As spectroscopy is a commonly applied chemical analysis method,
this type of data has been used through this project, focussing
on NIR, Raman, UV/Vis and NMR, which then produces issues for treating
this type of data in the same way as one would model plant data.
These areas have been investigated with a key number of projects.
Initial work reported
in [1] set the basis for determining the most suitable methods for
method comparisons, which included defining a set of standard result
reporting methodologies. It was used for the case study a simple
NIR data set that had been sourced from industry. The work concluded
that (i) variable selection techniques applied to spectroscopic
data provided significantly better results than using the entire
spectra (ii) the key to implementation of PLS modelling is determining
objectively the appropriate number of latent variables to use in
the model and (iii) statistical methods such as Ridge Regression
produce comparable result to PLS, but are computationally exhaustive,
however the possibility of combining variable selection with RR
methods might produce an effective modelling alternative to PLS.
There are currently many
approaches to Variable Selection, however a novel method of utilising
the experimental design nature of the data was developed in [2].

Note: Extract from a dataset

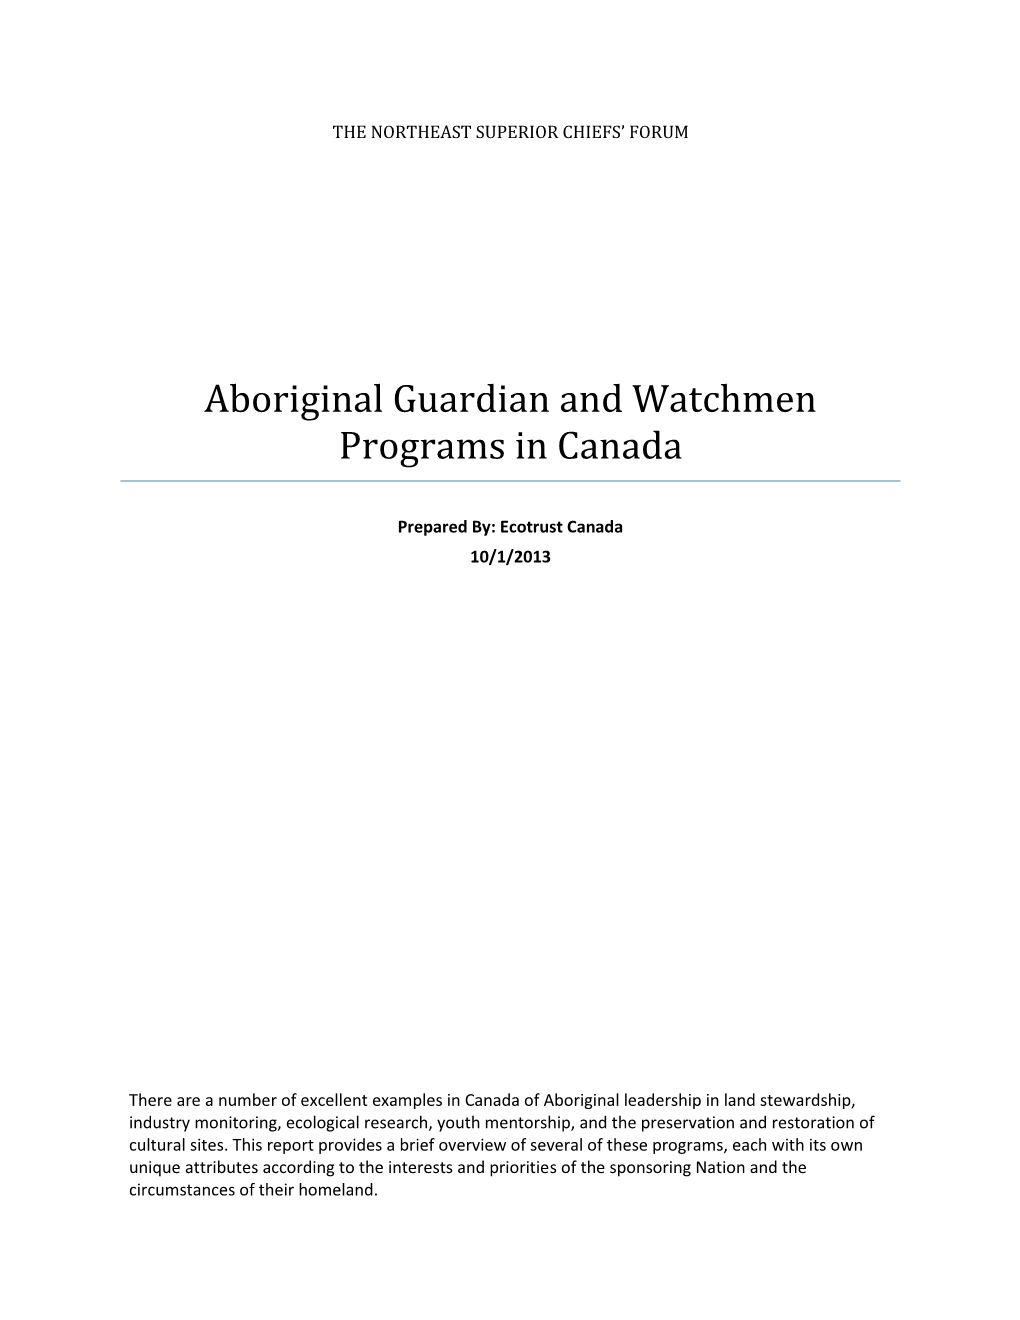 Aboriginal Guardian and Watchmen Programs in Canada

The key to this work is that the response to the mixture is a linear
sum of the contributions of the absorbing species present. If one
uses an orthogonal experimental design, the it is possible to hold
all concentrations (and thus contributions) for all components except
the target constant. Using this ‘Linear Interval’ it is possible
to categorise the variables in the spectra into ‘good’ and ‘poor’
predictors for the target. The results obtained where superior to
literature VS based methods, but this method is only applicable
where orthogonal designs are used.
The other significant
strand of work was to investigate optimal methods for sample selection,
and this has been reported in [3,4]. One of the key issues in statistical
modelling is the model update (and possible maintenance) when changes
occur in the initial conditions. In the laboratory one can rely
upon appropriate experimental design to produce the best possible
model, but with an industrial process the development of the initial
calibration model is much more difficult, and as such the calibration
tends to have low variability and low robustness, which can cause
it to age significantly over time. One approach to this problem
of aging is to include more samples over time to reflect the changing
conditions (which was the approach in use at this time). However,
there is scope for examining this historical data and developing
suitable methods to extract the samples which contain the greatest
variation in the data (this is analogous to DoE methods, in which
the levels of the samples and their combinations are designed to
provide the greatest variation within the design space). The approach
used in [3] uses the statistical method of ‘Variance of Prediction’
in which the model computes whether the sample is contained within
the variance already described by some initial samples (in which
case the sample is not used in the calibration model) or not, in
which case the sample is added to the calibration model. Using the
historical data (and maintaining the time series) it was possible
to develop a more robust calibration utilising only 30% of the samples.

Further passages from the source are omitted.